= TASK OBJECTIVE =
Of the lines listed below, return exactly those that run from the line containing "#PublicChain Zone. @bitgertbrise" through the line containing "Details: bitget.com/en/support", both included.

= GIVEN DATA =

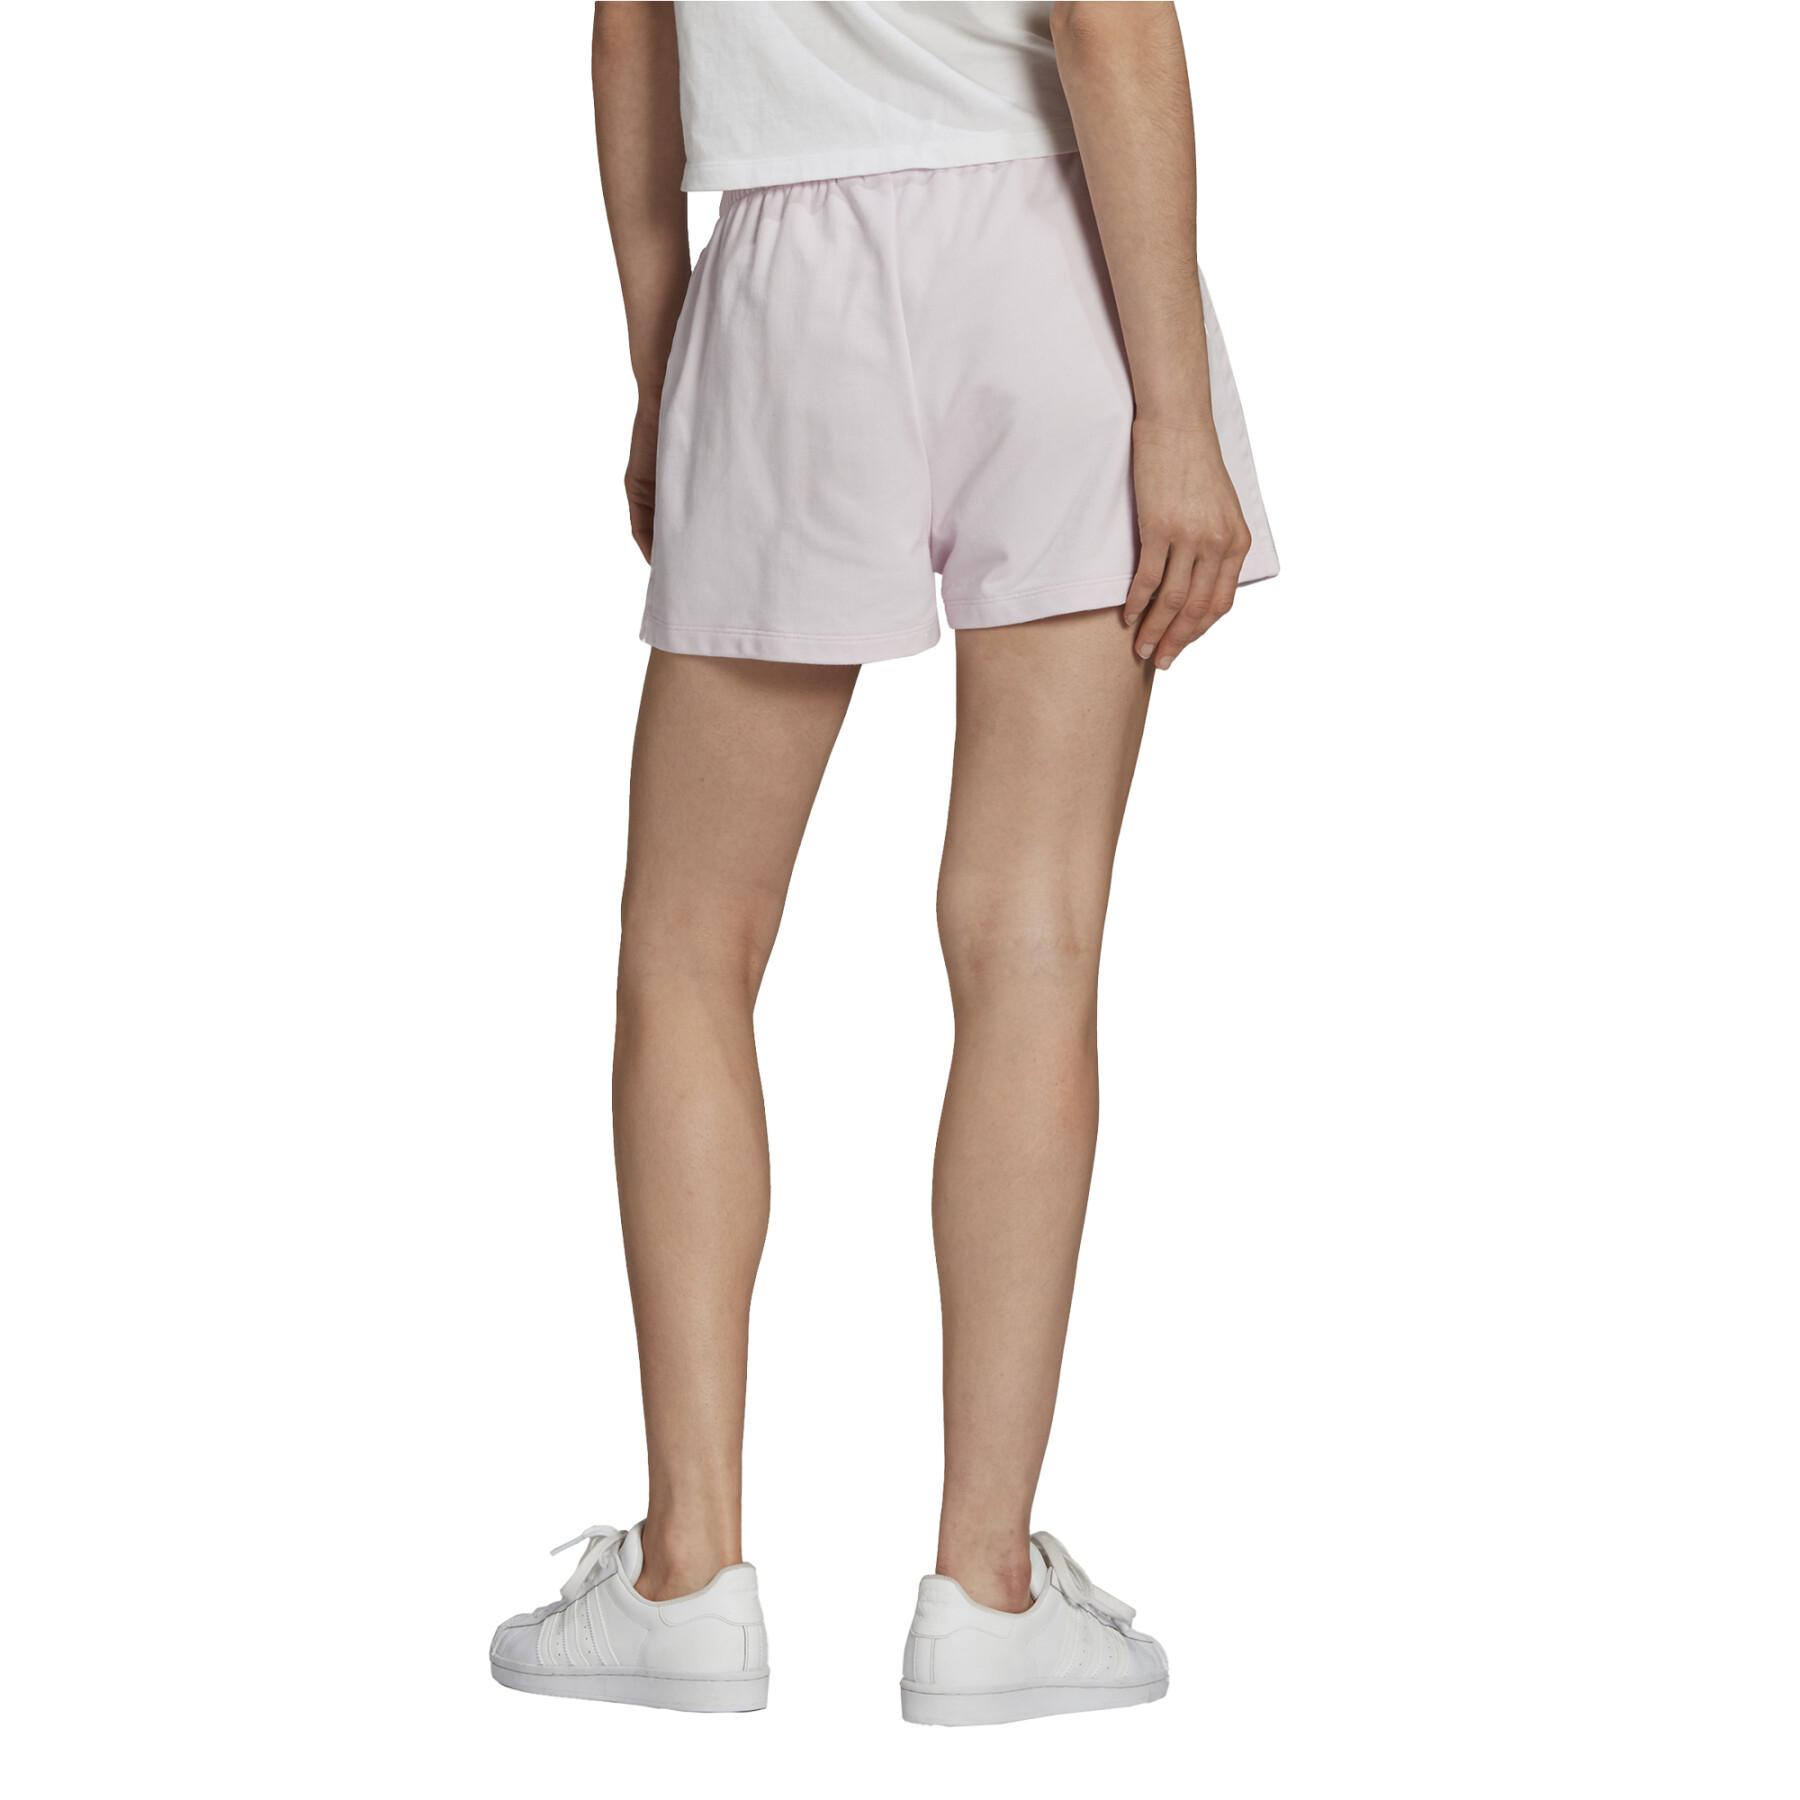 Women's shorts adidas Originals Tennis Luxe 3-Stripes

* * *

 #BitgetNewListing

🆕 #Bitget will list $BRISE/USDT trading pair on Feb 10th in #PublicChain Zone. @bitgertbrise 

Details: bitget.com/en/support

--

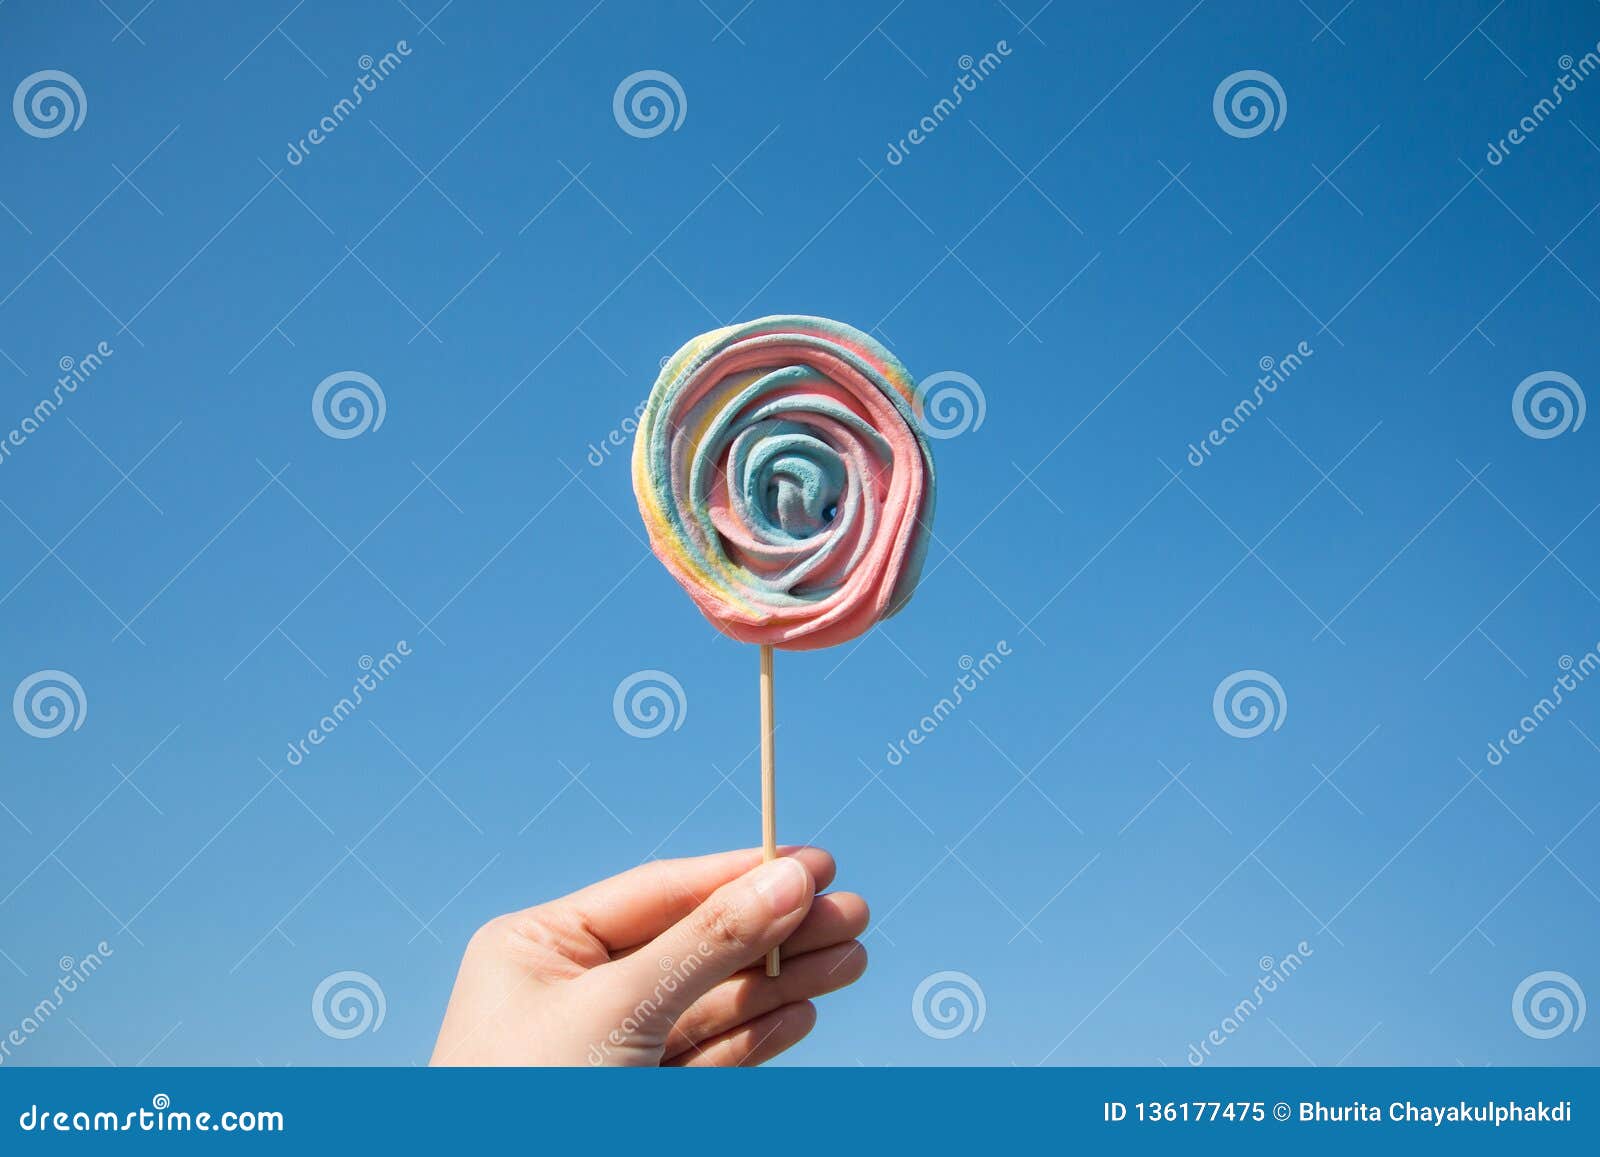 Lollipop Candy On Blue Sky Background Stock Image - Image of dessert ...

= EXPECTED ANSWER =
🆕 #Bitget will list $BRISE/USDT trading pair on Feb 10th in #PublicChain Zone. @bitgertbrise 

Details: bitget.com/en/support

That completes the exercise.